Such a discriminatory provision may nevertheless be lawful however, if it can be brought under the limitation clause in s 36(1) FC, where courts can limit the right to gender equality if it is ‘reasonably justifiable in a democratic society’. In this matter the South African courts, like in the case of Dow v Attorney General, should take the stand that the constitution shall be interpreted in compliance with international human rights law. Art 2, 5 and 15 of CEDAW, for instance, directly direct states parties to accord equal legal capacity for men and women and take appropriate measures to modify or abolish customs that discriminate women. The argument that discrimination on grounds of gender can be held to be reasonably justifiable in a democratic society shall therefore be dismissed, or the courts will violate international human rights law.

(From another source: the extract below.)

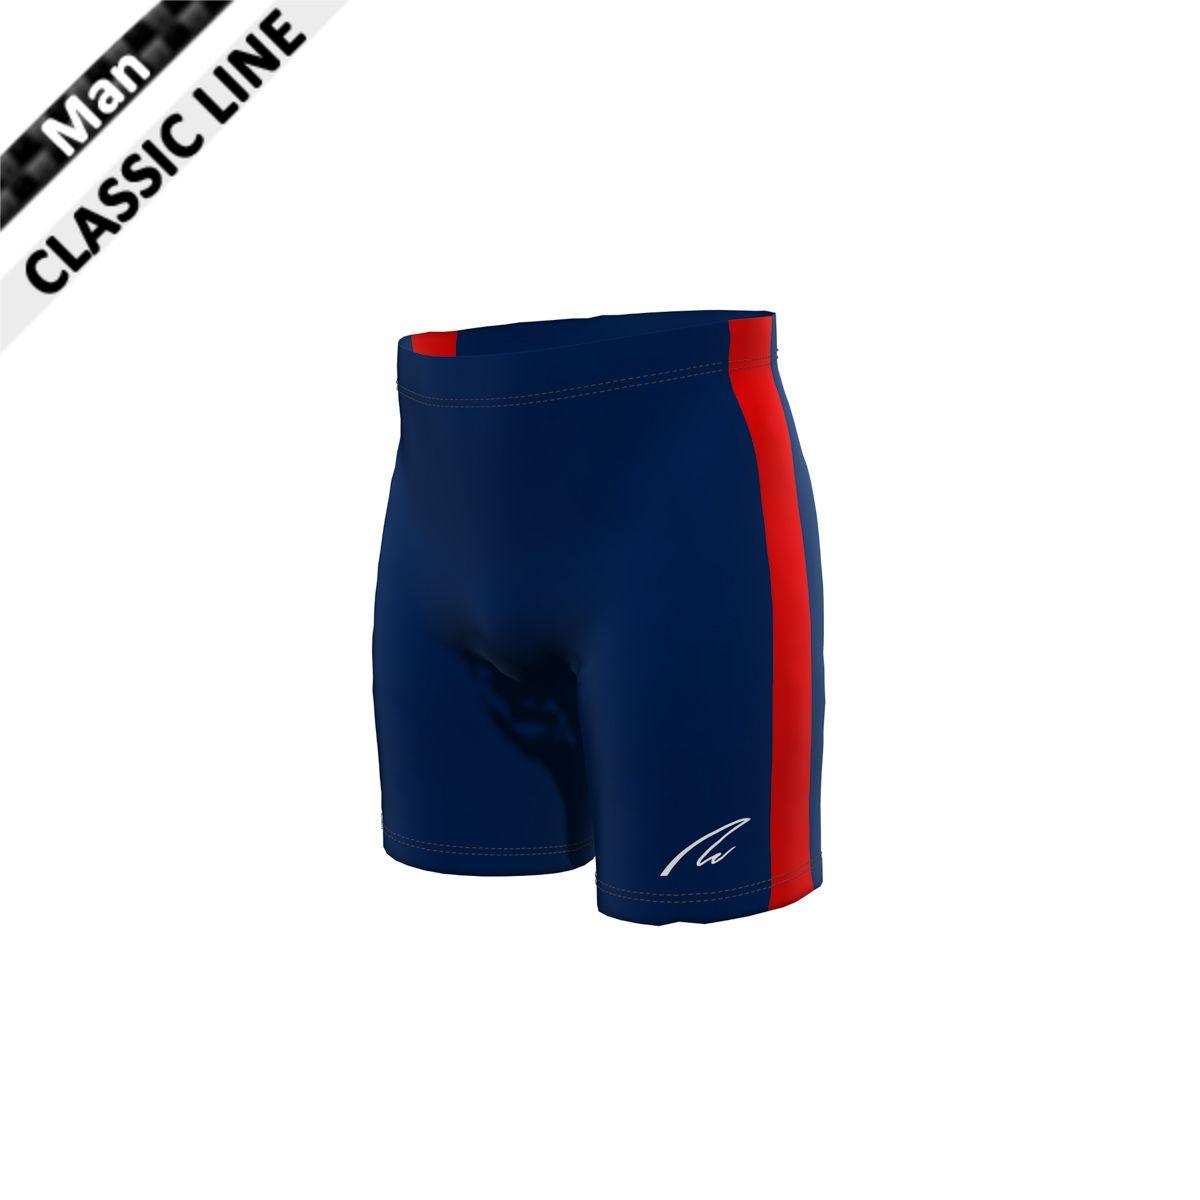 dbed9bcf77e3b Coloured Side Stripe - Short Tights - New Wave Sportswear GmbH

This thesis sympathises with the understanding of culture as a constantly evolving, dynamic body that is continually in a process of contestation, rather than a uniform and static one. Cultural values in a particular era are challenged by up-springing sub-cultures which question the dominant cultural norms. Culture can therefore not be seen as a given factor but rather as a creative process of social and economical relationships open to opportunistic manipulation. The subordinate position of women in customary law can be seen as one example of such manipulation. Consequently there lies a danger in accepting values, practices and arguments merely on the basis of their claim to a traditional, cultural pedigree. Furthermore the customary law conflict needs to be reconceptualised. It is not a struggle between the rights to equality and culture in the sense that one value has to win out. Rather it is an intra-cultural conflict between different interest groups battling to alter power relations within their very culture – a dynamic culture that is constantly changing.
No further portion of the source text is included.